12.1.  NatureMetrics will comply with all applicable data protection and privacy legislation in force from time to time in the UK including the General Data Protection Regulation ((EU) 2016/679); the Data Protection Act 2018; the Privacy and Electronic Communications Directive 2002/58/EC (as updated by Directive 2009/136/EC) and the Privacy and Electronic Communications Regulations 2003 (SI 2003/2426) as amended (UK Data Protection Legislation).
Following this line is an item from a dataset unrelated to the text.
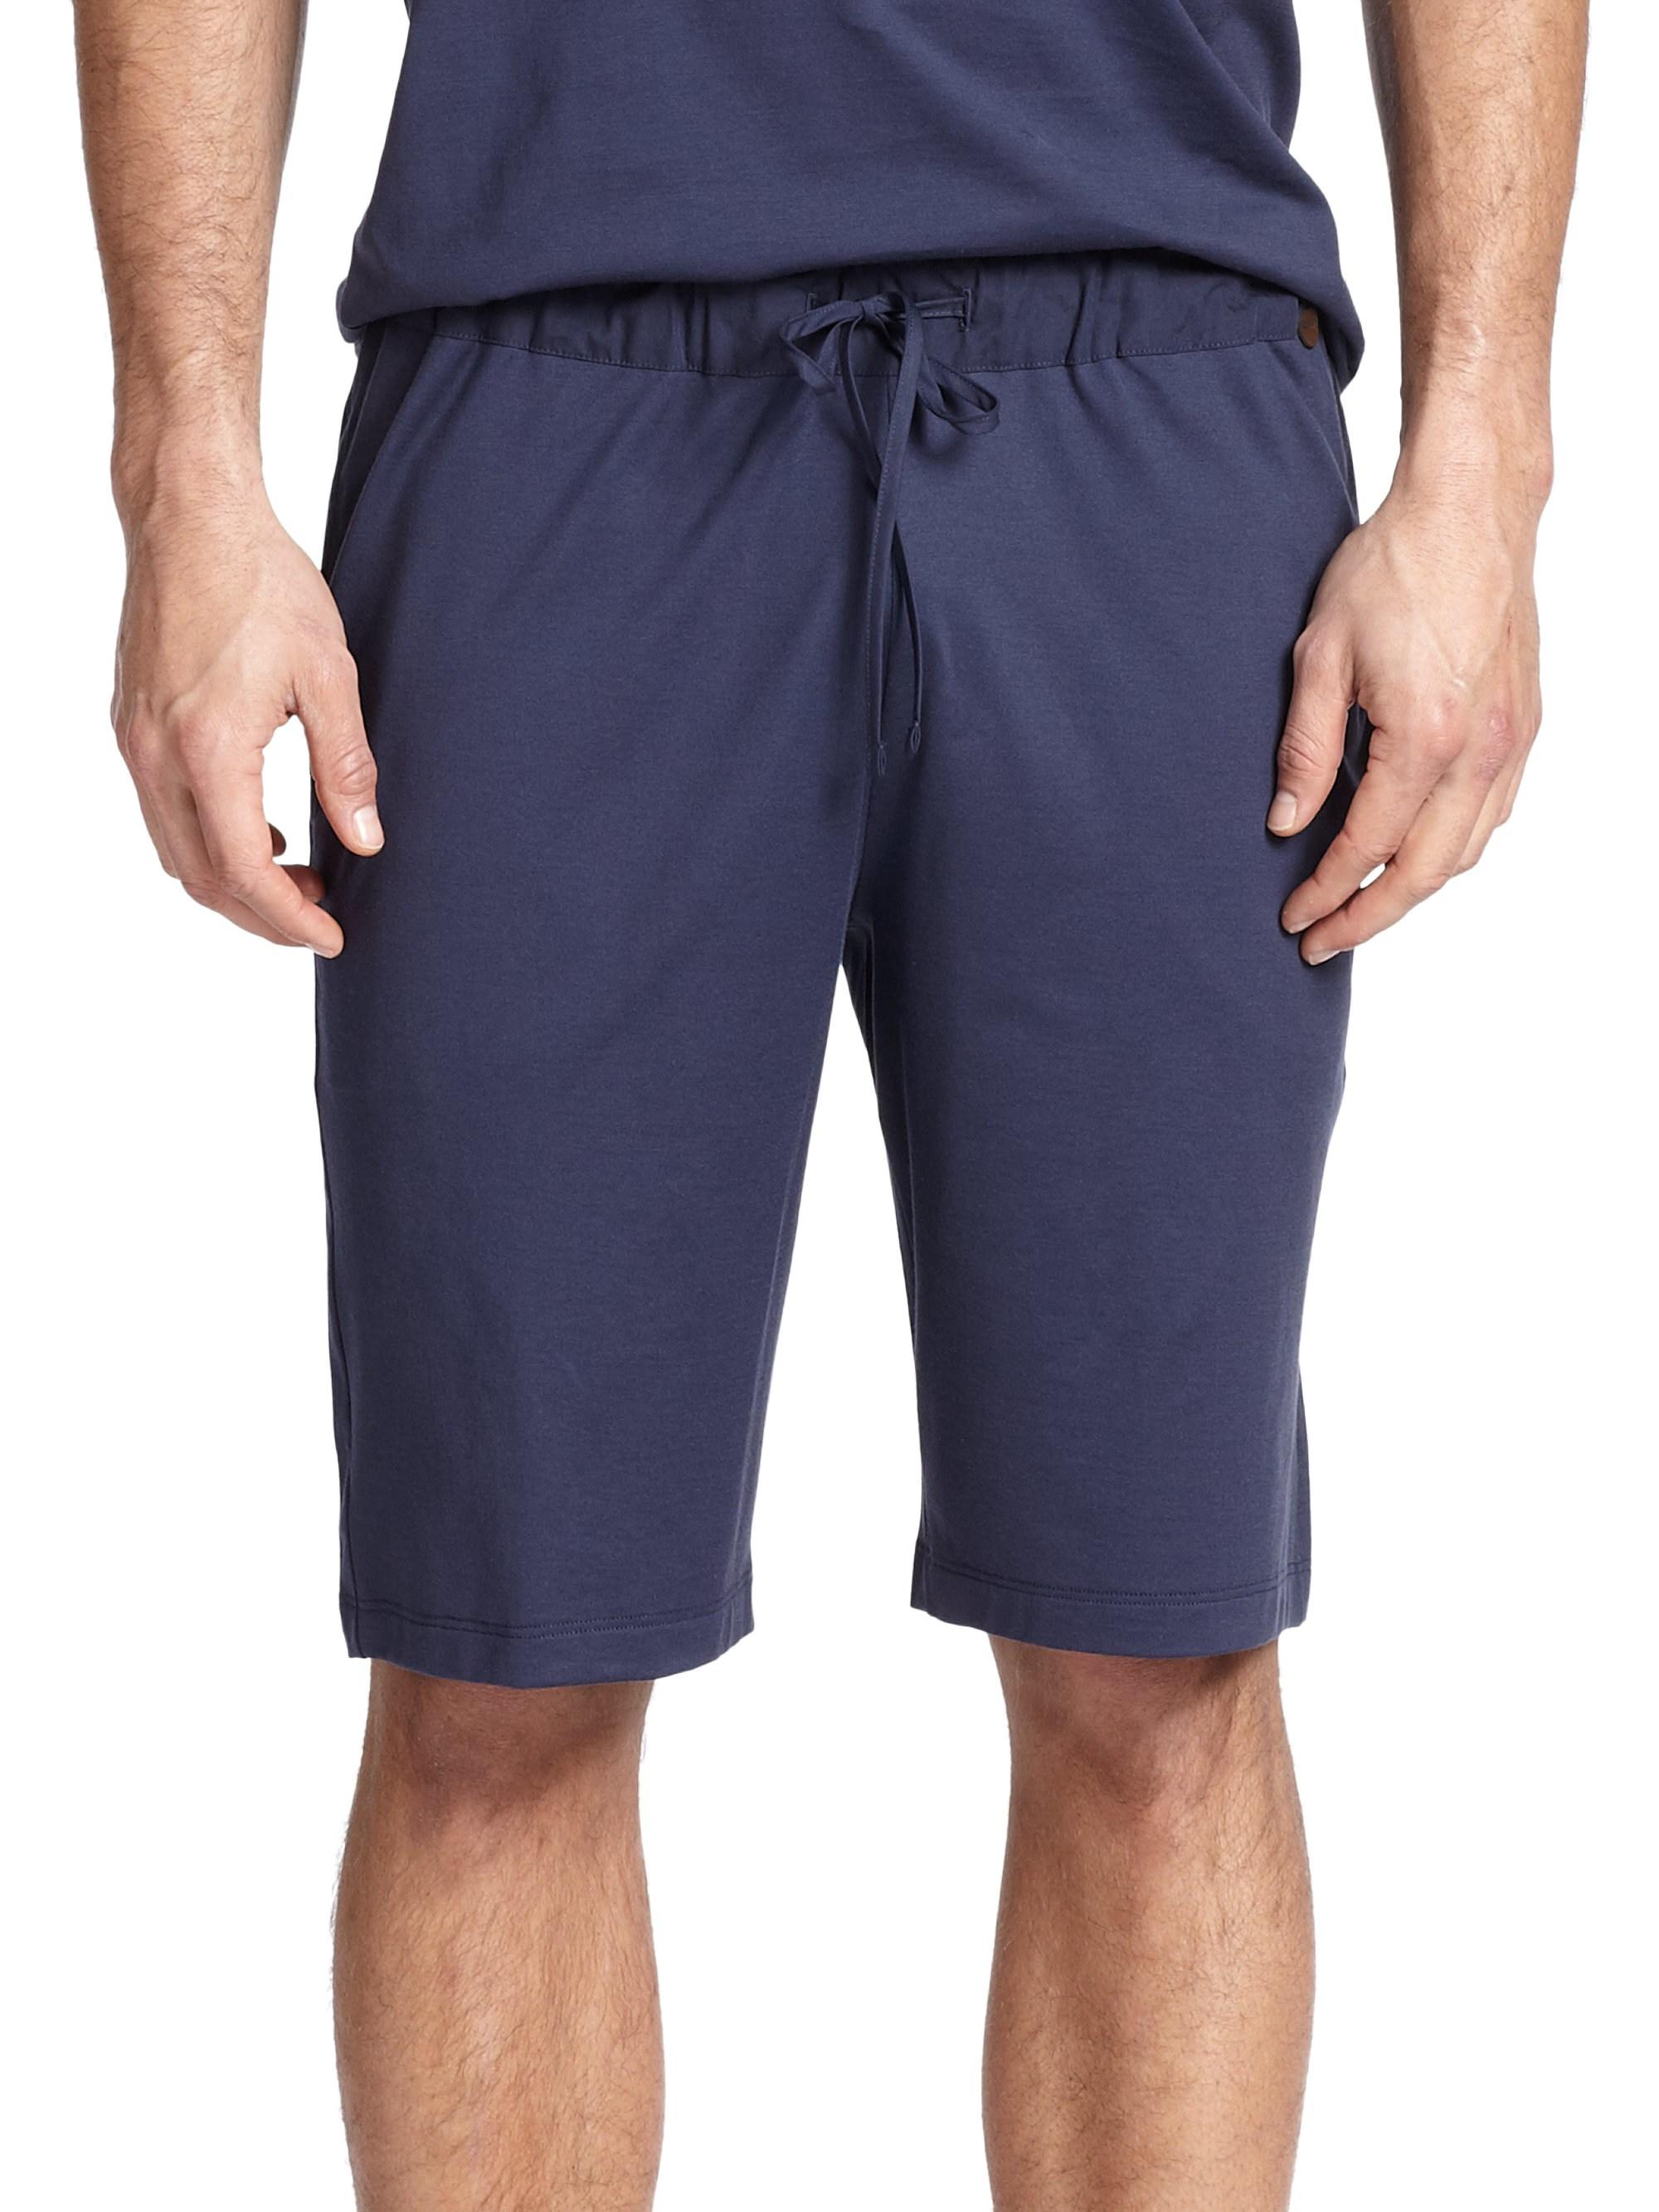 Hanro Cotton Knit Shorts in Blue for Men Lyst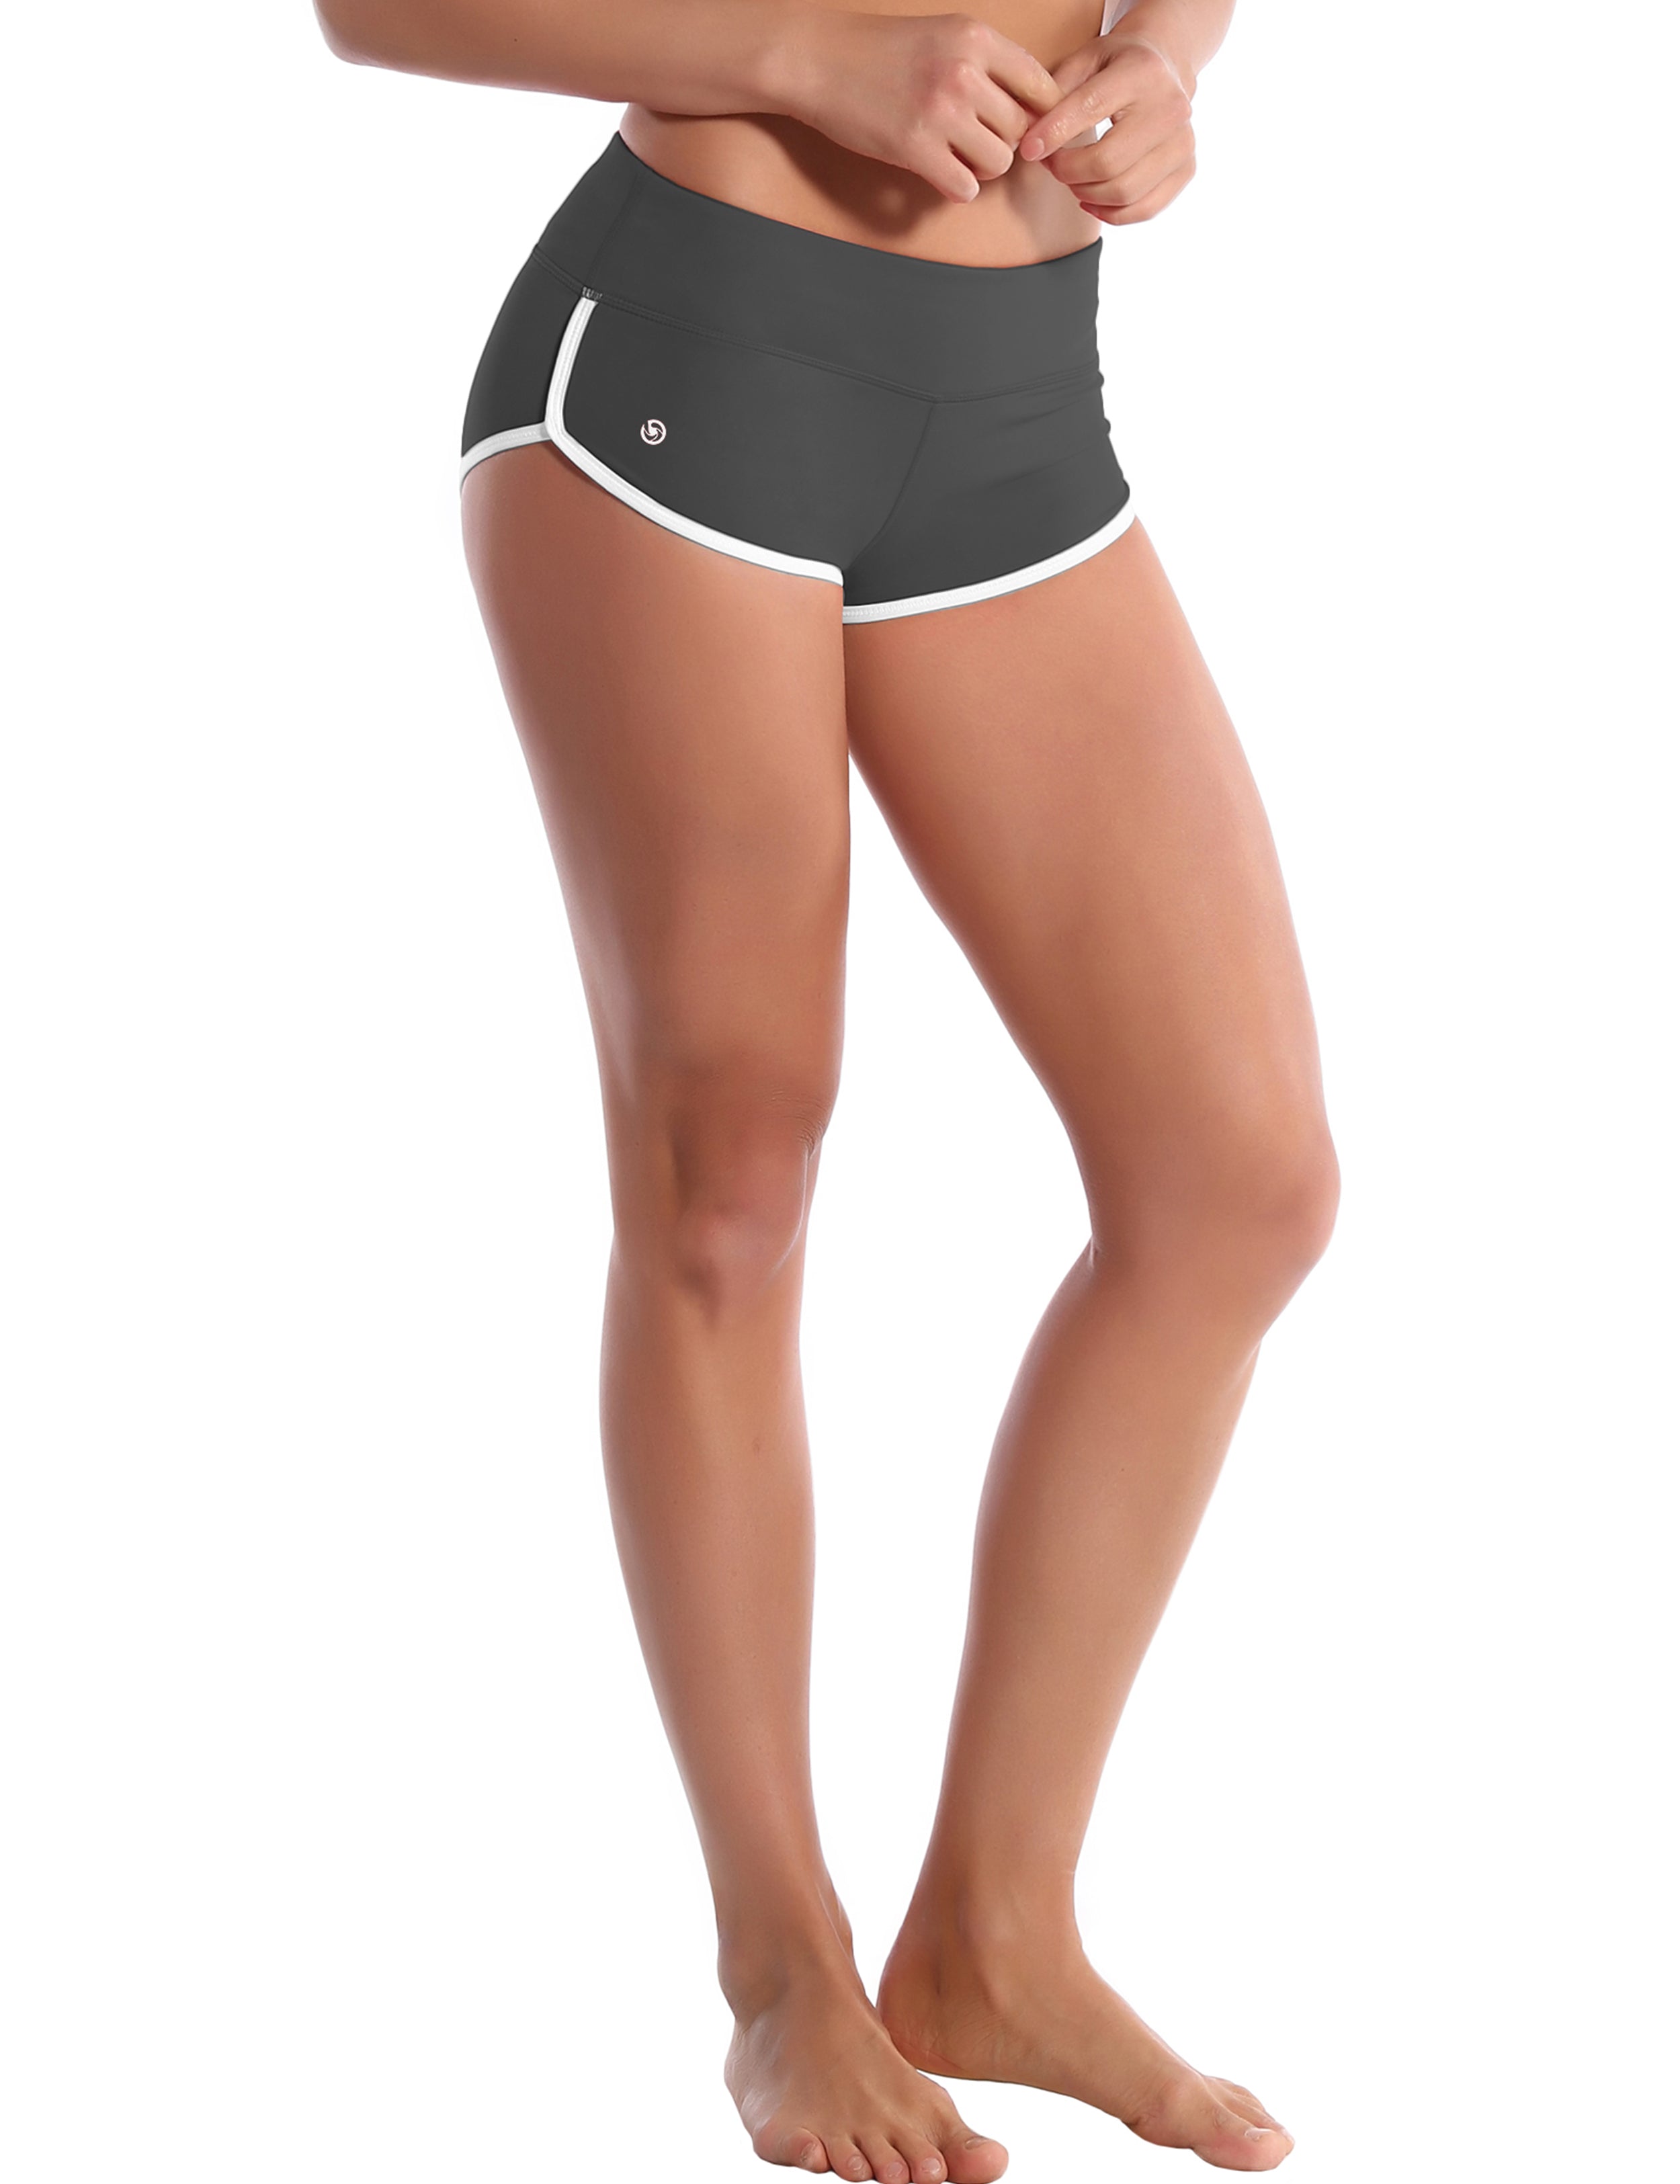 Sexy Booty Yoga Shorts shadowcharcoal Sleek, soft, smooth and totally comfortable: our newest sexy style is here. Softest-ever fabric High elasticity High density 4-way stretch Fabric doesn't attract lint easily No see-through Moisture-wicking Machine wash 75%Nylon/25%Spandex

 12.2.  NatureMetrics shall collect and process any Personal Data (as defined in the UK Data Protection Legislation) in accordance with the privacy notice which is available on NatureMetrics’ website, as may be amended from time to time.

 

13.  FORCE MAJEURE

13.1.  NatureMetrics shall not be in breach of this agreement nor liable for delay in performing, or failure to perform, any of its obligations under this agreement if such delay or failure result from events, circumstances or causes beyond its reasonable control. Such events include health crises, Government restrictions, importation and exportation restrictions, strikes, war, conflict or civil unrest, and natural weather disasters. In such circumstances Nature Metrics shall be entitled to a reasonable extension for the time for performing such obligations. If the period of delay or non-performance continues for (9) months, either Party may terminate this agreement by giving thirty (30) days’ written notice.

 

14.  THIRD PARTY RIGHTS

14.1.  Unless it expressly states otherwise, the Contract does not give rise to any rights under the Contracts (Rights of Third Parties) Act 1999 to enforce any term of the Contract.

 

15.  GOVERNING LAW AND JURISDICTION

15.1.  The Contract and any dispute or claim (including non-contractual disputes or claims) arising out of or in connection with it or its subject matter or formation shall be governed by and construed in accordance with the law of England and Wales. Each party irrevocably agrees that the courts of England and Wales shall have exclusive jurisdiction to settle any dispute or claim arising out of or in connection with the Contract or its subject matter or formation.